He's lived for years in the dirt alley off 18th Street and Burlington Avenue N, the white-bearded homeless veteran everyone knows as C.J.
His real name is Jon Bradshaw. For some, he is the neighborhood's trusted watchman. Those folks turned a blind eye when someone built a wooden shed so Bradshaw, 69, could lay his head somewhere.
Others view Bradshaw, often seen nursing a can of Natural Ice, as a neighborhood scar — an unwanted reminder of the old homeless tent city under Interstate 275.
Amid the city of St. Petersburg's much publicized crackdown on the homeless, an angry neighbor alerted a city code inspector to Bradshaw's makeshift home.
The resulting battle has pit neighbor against neighbor, and thrust Bradshaw from his life in the shadows into the city's high-profile effort to rid downtown streets of the homeless.
"I'm being treated like the poor fox running from the hounds," Bradshaw said. "I'm getting weary."
• • •
When William Bechtel bought his one-story wood-frame house on Burlington Avenue in 2008, he says Bradshaw came with it. The neighborhood was rougher then. Bradshaw shooed away prowlers and thieves.
"He helped me out, man," says Bechtel, 52, an audio technician.
Bechtel, whose father was a war veteran, sympathized with Bradshaw, who says he served in the U.S. military during Vietnam but refuses to offer specifics.
Not long after Bechtel moved in, a handy neighbor built Bradshaw a one-room shed. It had a bed and easy chair, and a solar-powered shower outside. In winter, Bradshaw burned tree limbs on an outdoor stove. Bathroom? Gas station up the road.
Bradshaw likes his life "off the grid." He prefers the fresh air, describing himself as one of those "street people" who knows how to survive on a meager Social Security check.
"Every neighborhood alley ought to have one of me," Bradshaw says. "Your cop work would go away."
• • •
Sheryl Cox and her husband, Ryan, own a home and business a block away from Bradshaw's shed.
They were fed up with crime in their neighborhood a few years ago, so they started a crime watch.
They read in the paper how Mayor Bill Foster was cracking down on the homeless who sleep in the street. They'd won a few battles with drug dealers, so they thought: Why can't the city do something about C.J.?
Sheryl Cox doesn't like Bradshaw. She says he's threatened her with violence.

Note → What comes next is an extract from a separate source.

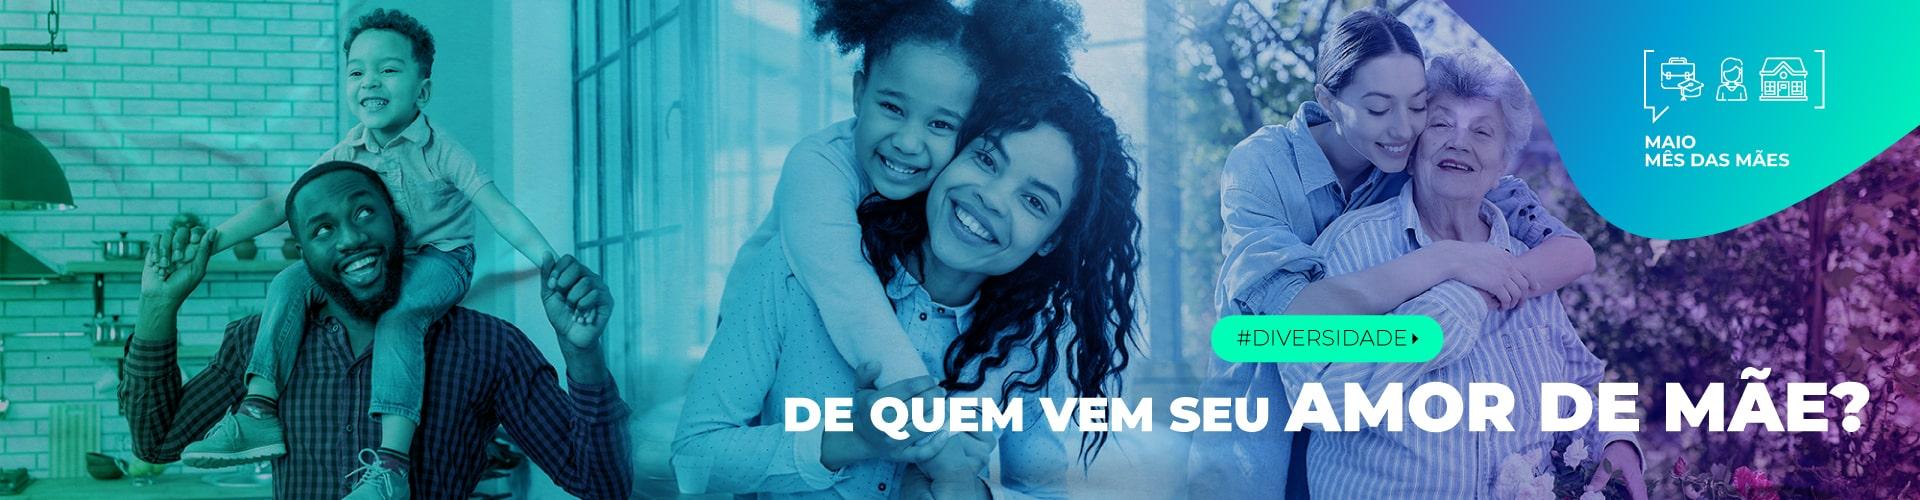 Banner Dia das Mães

The couple rallied a few others, including Don Orgeron, who owns several rental properties along the alley. Orgeron tolerated Bradshaw for a decade, but says lately Bradshaw is drinking more and scares his tenants.

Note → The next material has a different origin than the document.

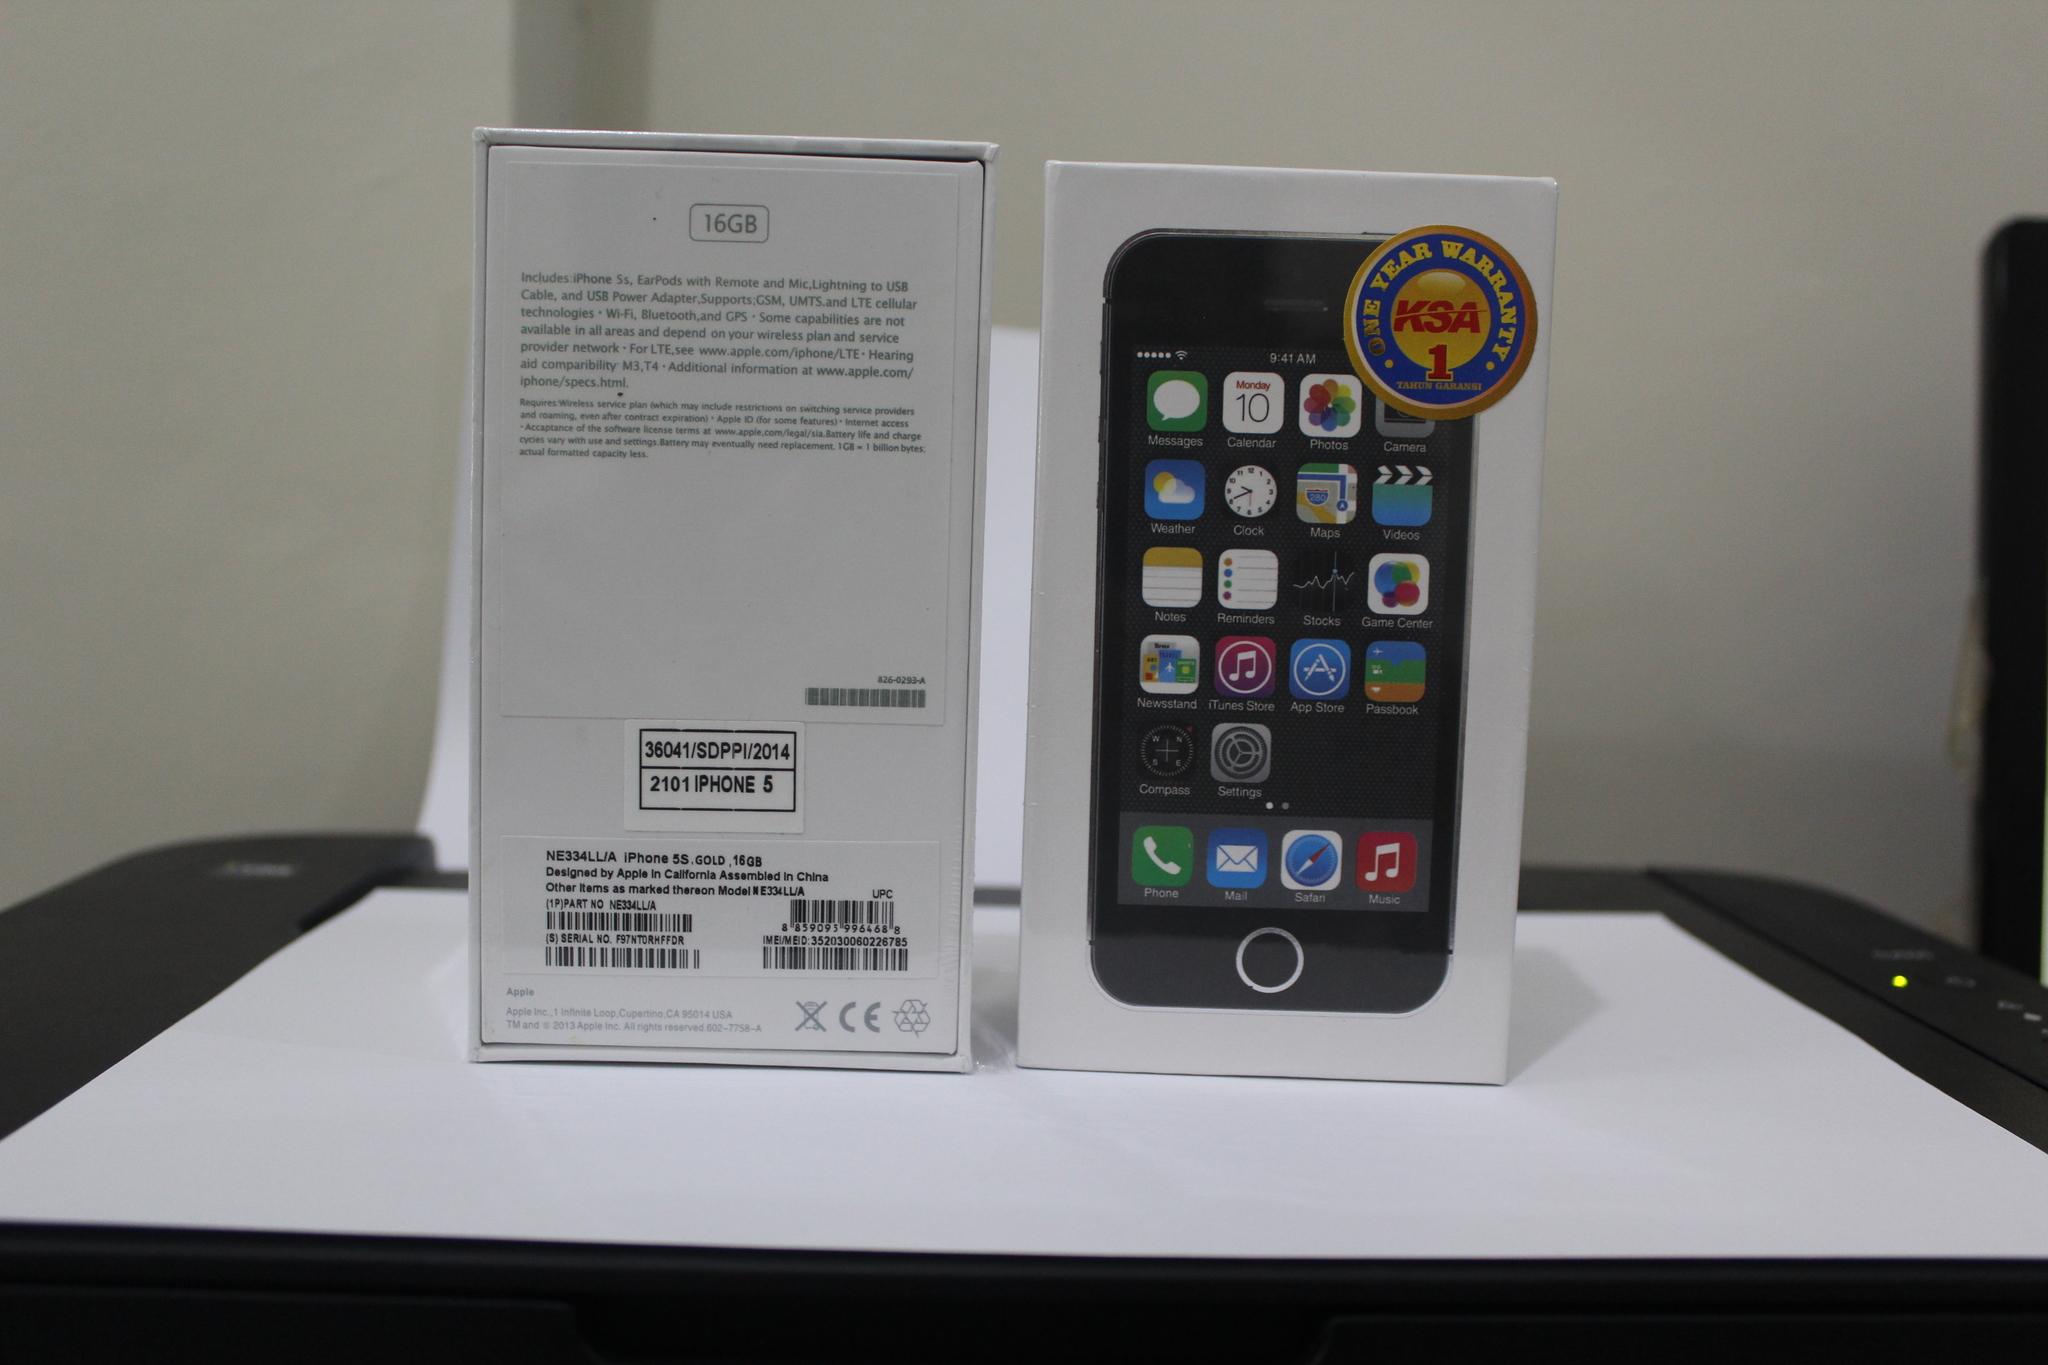 Jual Iphone 5s 16 Gb Grey Garansi Distributor Ksa K Line Tokopedia 5 1 Tahun

"The thing that this homeless man is living in … was illegally built," said Sheryl Cox. "My kids can't go down there. Why can't this guy be moved?"
• • •
The city has taken more than 85 people to Pinellas Safe Harbor since July 12, when enforcement of the public sleeping ban started.

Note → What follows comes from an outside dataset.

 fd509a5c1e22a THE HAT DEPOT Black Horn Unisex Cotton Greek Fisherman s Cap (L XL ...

Moving Bradshaw has proved more difficult.
The city sent Bechtel a letter in late May, warning him that using the shed as a dwelling was illegal without a permit, that it had no plumbing and was messy. It warned of $500-a-day fines.
So Bradshaw moved his beer cooler, a chair and his bicycle a few feet to a nearby driveway. He now sleeps there or in several "hidey holes" in the area.
Bechtel fired back in a letter to the city.
He argued the shed was less than 100 square feet, so it didn't need a permit. He noted the water spigot on an adjacent cottage, and said the shed was never meant to be more than a shed.
Codes director Gary Bush and St. Petersburg police homeless outreach Officer Richard Linkiewicz went to see the shed for themselves on July 26.
"He's not on the street, so he's not really doing anything wrong," said Linkiewicz, who remembers when Bradshaw lived in a 17-foot sailboat on the waterfront about five years ago. "As far as being a pain the neck, panhandling, he's not one of those guys."
Bradshaw has been arrested four times since 2008 for carrying an open container of alcohol, all misdemeanor citations.
He admits to liking his beer and chewing tobacco, but says he hasn't touched cocaine or heroin in seven years.
He doesn't like to talk about his past.
In snippets of conversation, he says he grew up in upstate New York, calls two of his children every Sunday, that he is divorced, that his parents passed away, that he worked in construction and mining in Oregon and Pasco County. As a veteran, he gets semiannual checkups and reading glasses.
The snippets are drowned out by a rant-like monologue that begins with the gap between the haves and have-nots and ends with Bradshaw's refusal to sleep in shelters or accept handouts at soup kitchens like other homeless people.
"The minute you go to those places, you're dead," he says. "You lose your independence."
• • •
A day after Bush and Linkiewicz visited the shed, the case was closed.
Bush said that after consulting with the city's lawyers, he was satisfied that Bradshaw was no longer living in the shed.
Still, records show the property is due for another inspection Aug. 16.
Meanwhile, Bradshaw would like to return to his shed.
Bechtel has moved to Tampa and now rents the house. He can't afford a lawyer to fight the city, but said he won't stand idly by if Bradshaw is hassled further.
"If they are going to come and bother C.J.," he said, "they are going to have to deal with a property owner armed with a tire iron."